Economists estimate that every penny increase in the price of fuel drains $1 billion from our economy. In fact, 1,000 small trucking firms are forced out of business with every 10-cent increase in fuel prices.

Industry analysts estimate more than 7,500 trucking operations have either closed or filed for bankruptcy in the last four years. To no one’s surprise, fuel costs rank as the single most important factor in these businesses’ decline.

Environmental regulations, however, continue to discourage domestic production and the construction of new oil refineries. As a result, no new refining facilities have been built in the United States since 1975, and approximately 35 have been forced to cease operation since 1980.

Our nation must dramatically increase its domestic energy production in order to avert serious economic consequences in the near future. We must adopt a comprehensive energy plan and enact policies at the federal level that allow our nation to free itself from its current level of dependence on foreign energy producers.

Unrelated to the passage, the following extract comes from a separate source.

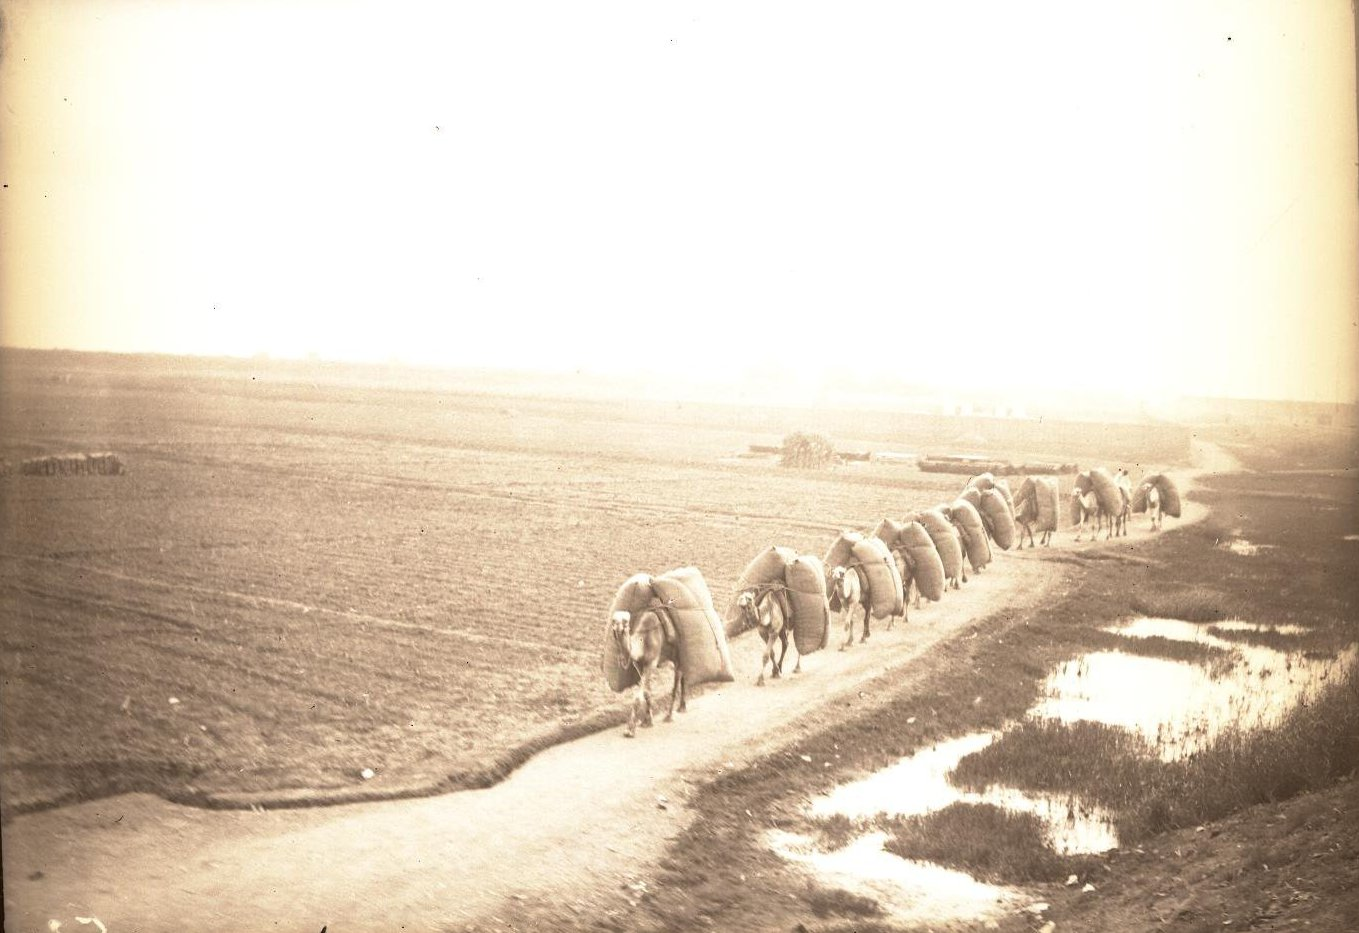 09. Египет. Измаилия. Верблюжий караван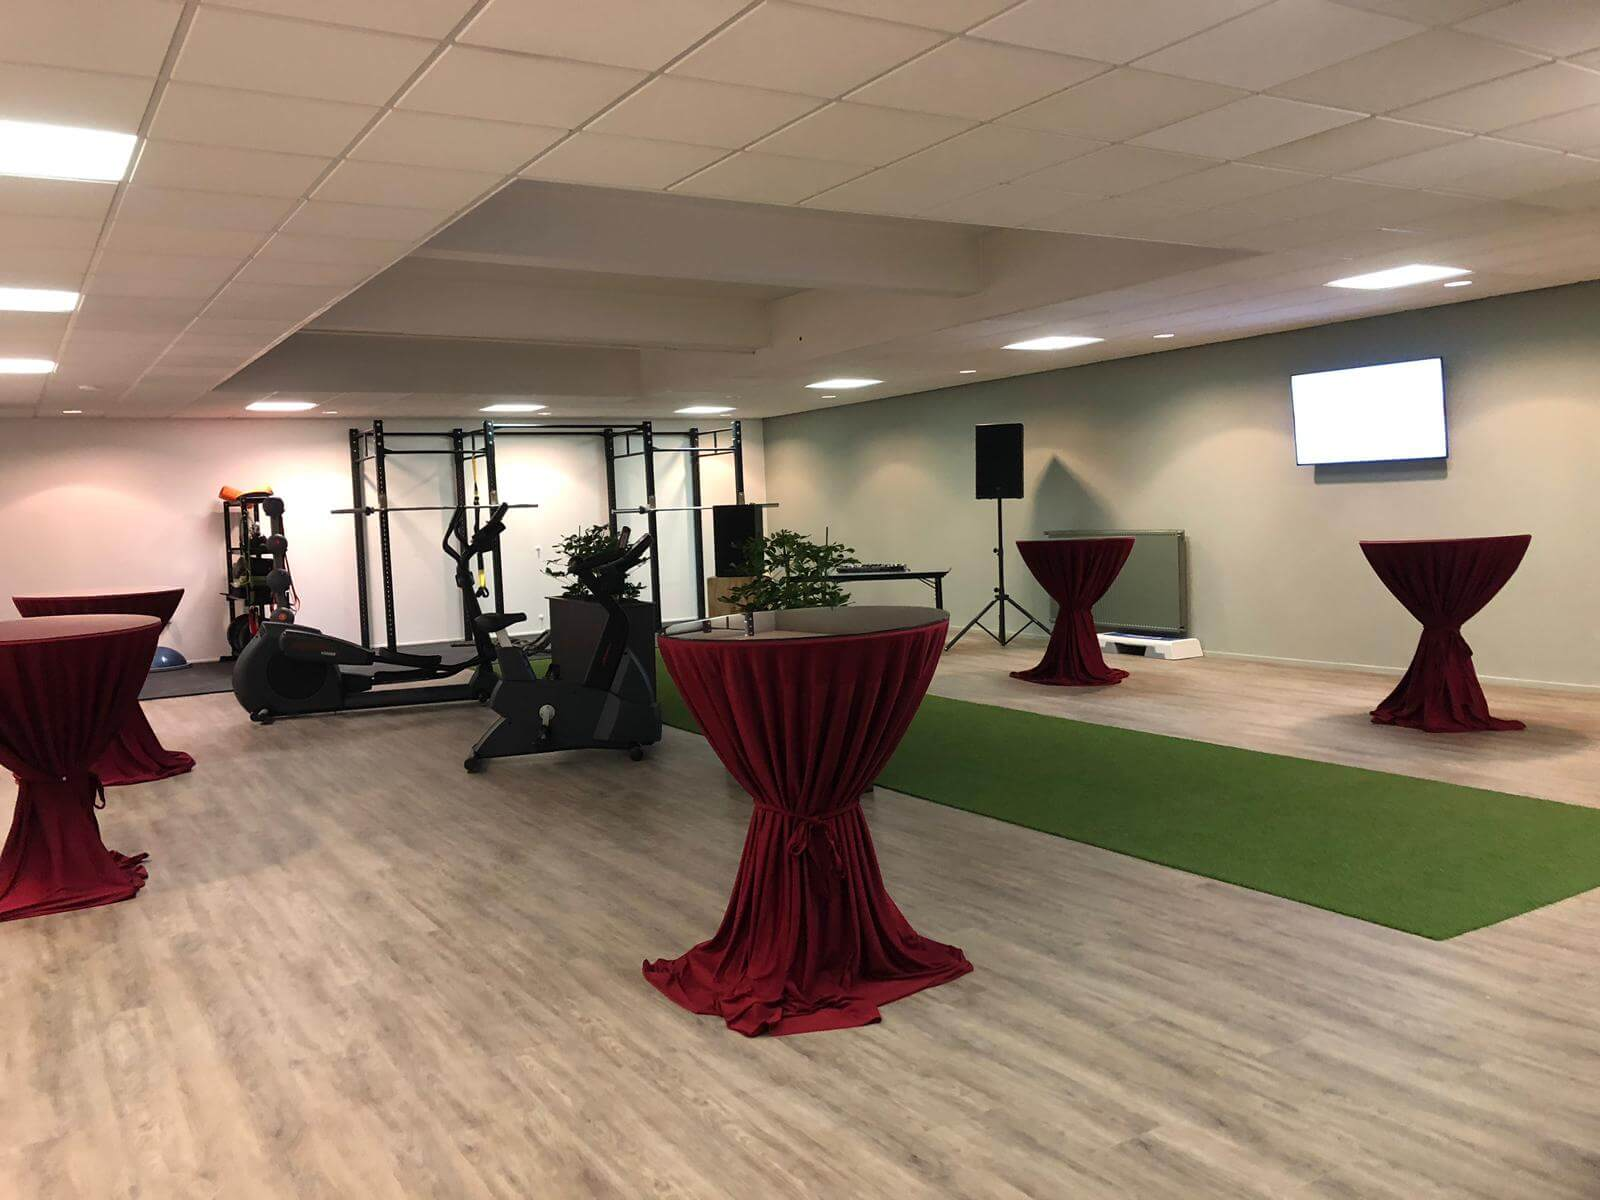 Personal Fit Club - De eerste club voor personal training in Zoetermeer is open (3)

This goal can be accomplished only by encouraging a growth in domestic production and freeing our domestic energy producers of onerous environmental regulatory burdens. Our nation’s long-term economic health depends on such actions.

Rep. John Duncan Jr., R-Tennessee, has served in the U.S. House of Representatives since 1988. The Knoxville resident has been named among the five most fiscally conservative members of both the House and Senate by the National Taxpayers Union. He serves on the House Transportation Committee and the House Resources Committee.